Pending the approval of the Columbus City Council and the Downtown Commission, the City will begin demolition and site preparation in February for the first garage at the corner of Front and Rich streets, where the condemned, former Lazarus garage currently sits unused. This eight-level, 773-space public garage will serve the growing employee base in the RiverSouth area. Construction is set to begin in May 2008, with the garage set to open in May 2009. The $14.5 million investment includes the costs of demolition and construction. The Columbus Downtown Development Corporation currently owns the land and will donate it to City.

The City also plans to invest $15.267 million in building the second garage, a four-level, 682-space facility designed to serve the Fourth and Gay area. Due to an expanding residential neighborhood, current surface parking spaces are being eliminated.
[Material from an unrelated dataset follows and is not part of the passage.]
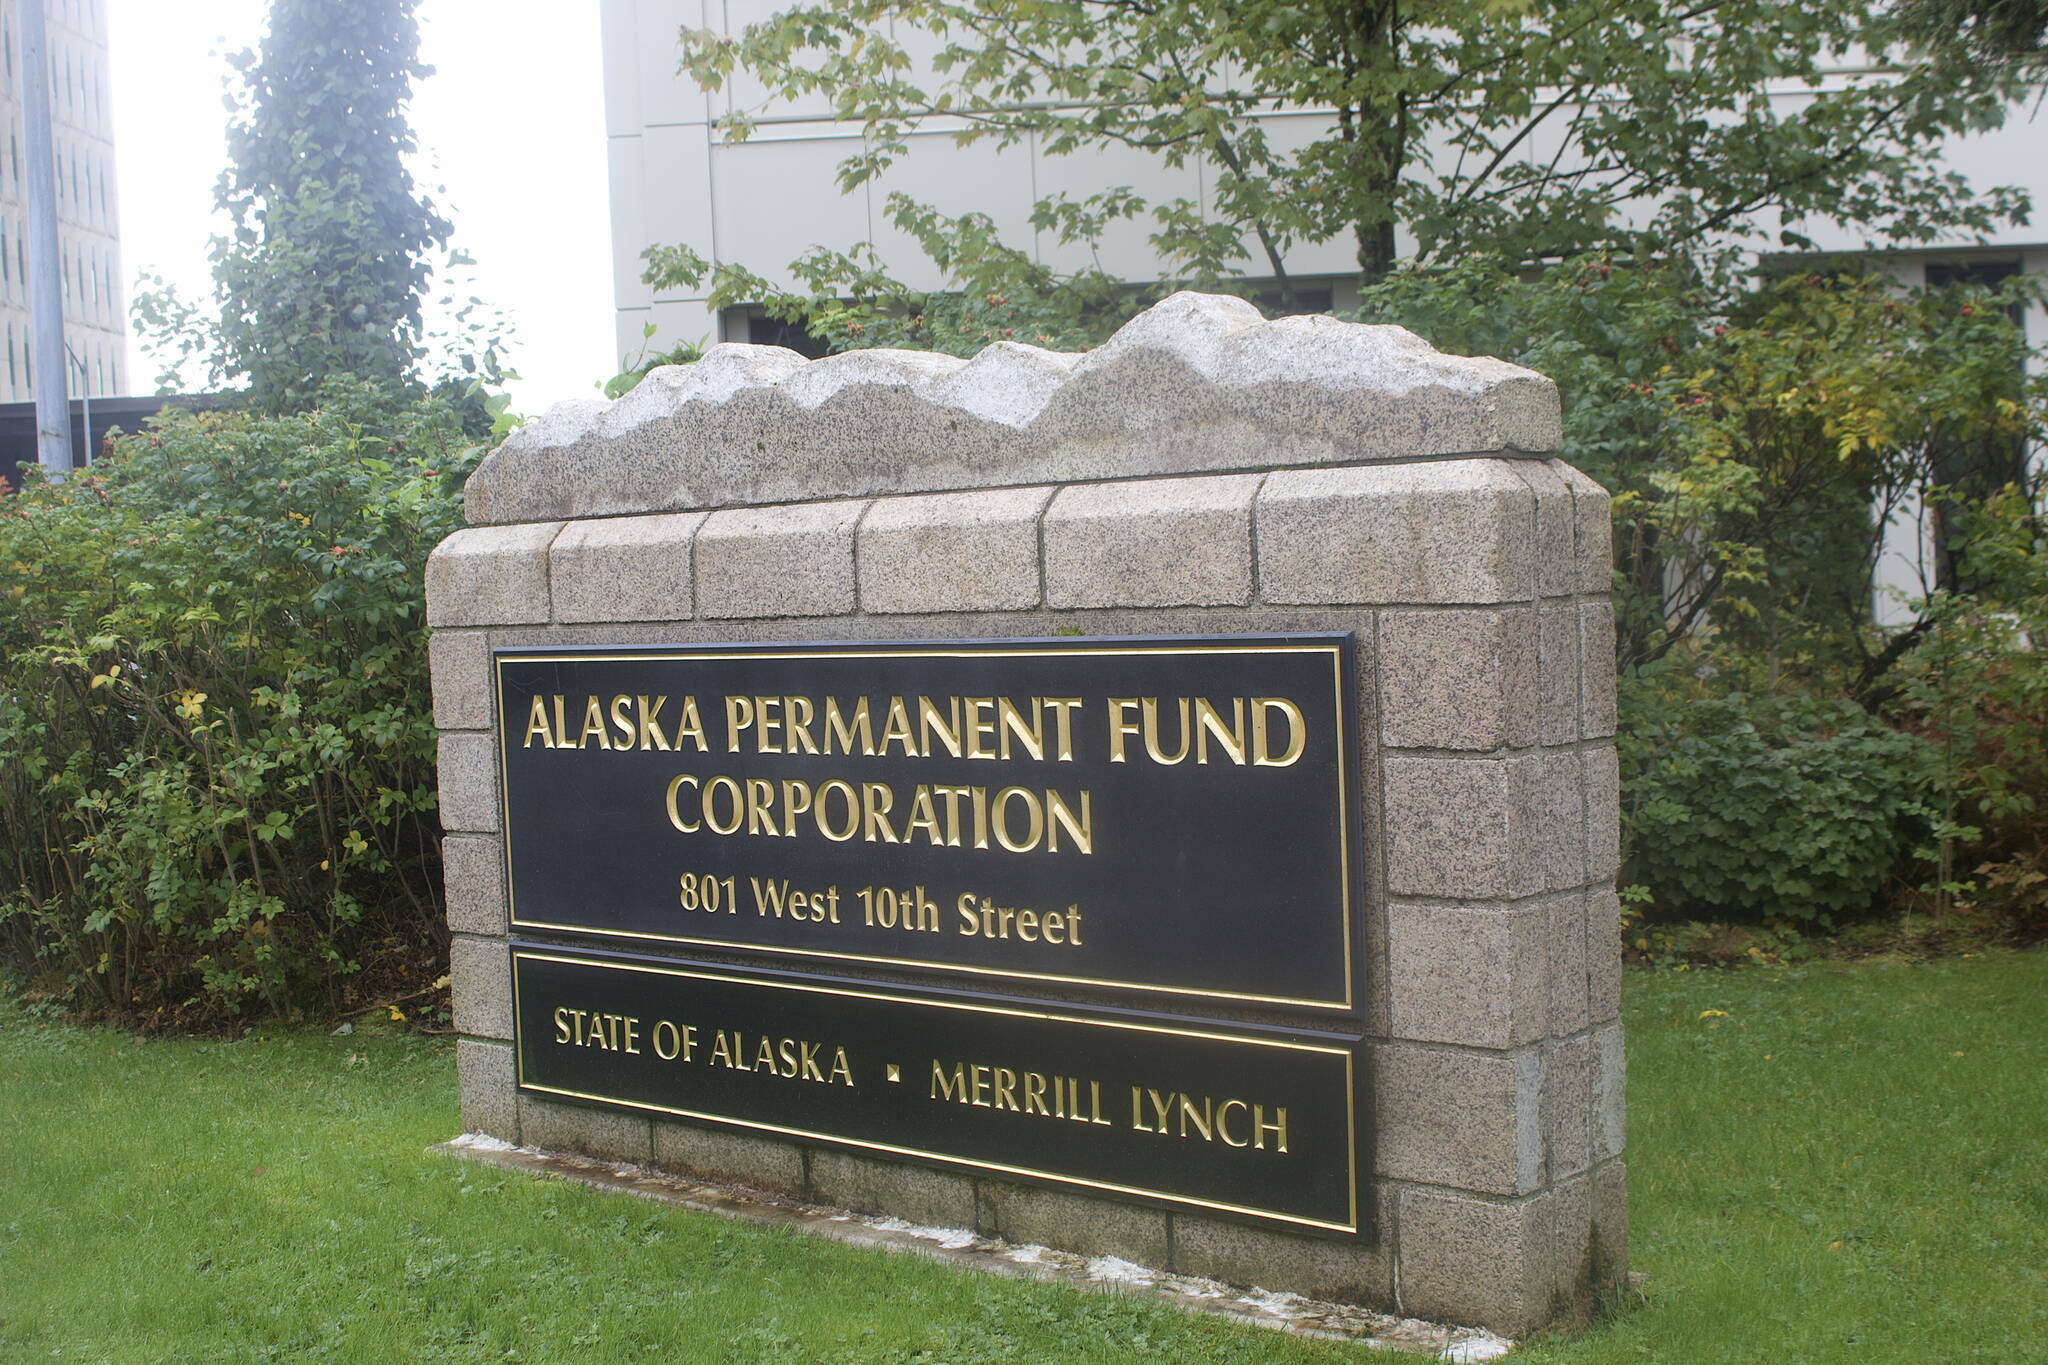 The Alaska Permanent Fund Corp. building in Juneau, seen here Sept. 28, 2022, is where most the corporation’s estimated 70 employees work. APFC leaders are considering options to move some operations and staff to Anchorage during the next year. (Mark Sabbatini / Juneau Empire File)

This garage is still in the initial stages of development, and several approvals are necessary prior to finalizing a construction timeline and advancing legislation.

“With all of the dynamic projects occurring downtown, we need to ensure that one of the core focuses of downtown – employment – remains a top priority. Providing access to adequate parking allows downtown to remain competitive, locally, regionally and nationally,” said Guy V. Worley, President & CEO of Capitol South. “With 80% of the downtown employees driving to work, parking remains a top priority for downtown’s revitalization.”

Phase one of road conversions, from one way to two way, is set to begin this summer. Estimated cost of this phase of conversions and the associated streetscapes, utility upgrades, resurfacing, new sidewalks and ADA-compliant ramps is $9.5 million.

- Front (Broad to Rich) – Brick turn lanes, street trees, rain garden, ornamental street lights ($6.3 million)

- Ludlow (Town to Rich) – street trees, ornamental lighting, rain garden ($1.5m)

- Wall (Town to Rich) – street will be all brick, shrubs, ornamental lighting ($1m)

- Rich (High to Ludlow) – ornamental lighting, some plantings ($750,000)

Other sections of these roads will be converted in succeeding years as other downtown projects move forward.

The City of Columbus is helping lead the implementation of the Downtown Business Plan with the Columbus Downtown Development Corporation and local businesses. 2007 marks the fifth year of the 10-year plan to bring new investment, energy and activity into downtown. There is a new market for downtown housing – with more than 4,700 housing units opened or opening soon, the opening of North Bank Park, AEP’s Foundation and the City’s commitment of $10 million each to the Scioto Mile Parks, and private partners looking at developing acres of surface parking lots into new housing and retail throughout the district. Since 2002, the Mayor also has worked with 35 companies, keeping 583 jobs in the district and getting commitments for 2,385 more jobs to be created. The total new investment in downtown since 2000 is estimated at $2.19 billion, with $711 million in public funding helping leverage $1.48 billion in private investment. This includes projects proposed, under construction, or built since 2000.

102 Comments

  • captain janks wrote there are more options than electric too. fuel cells come to mind. they are already out there now.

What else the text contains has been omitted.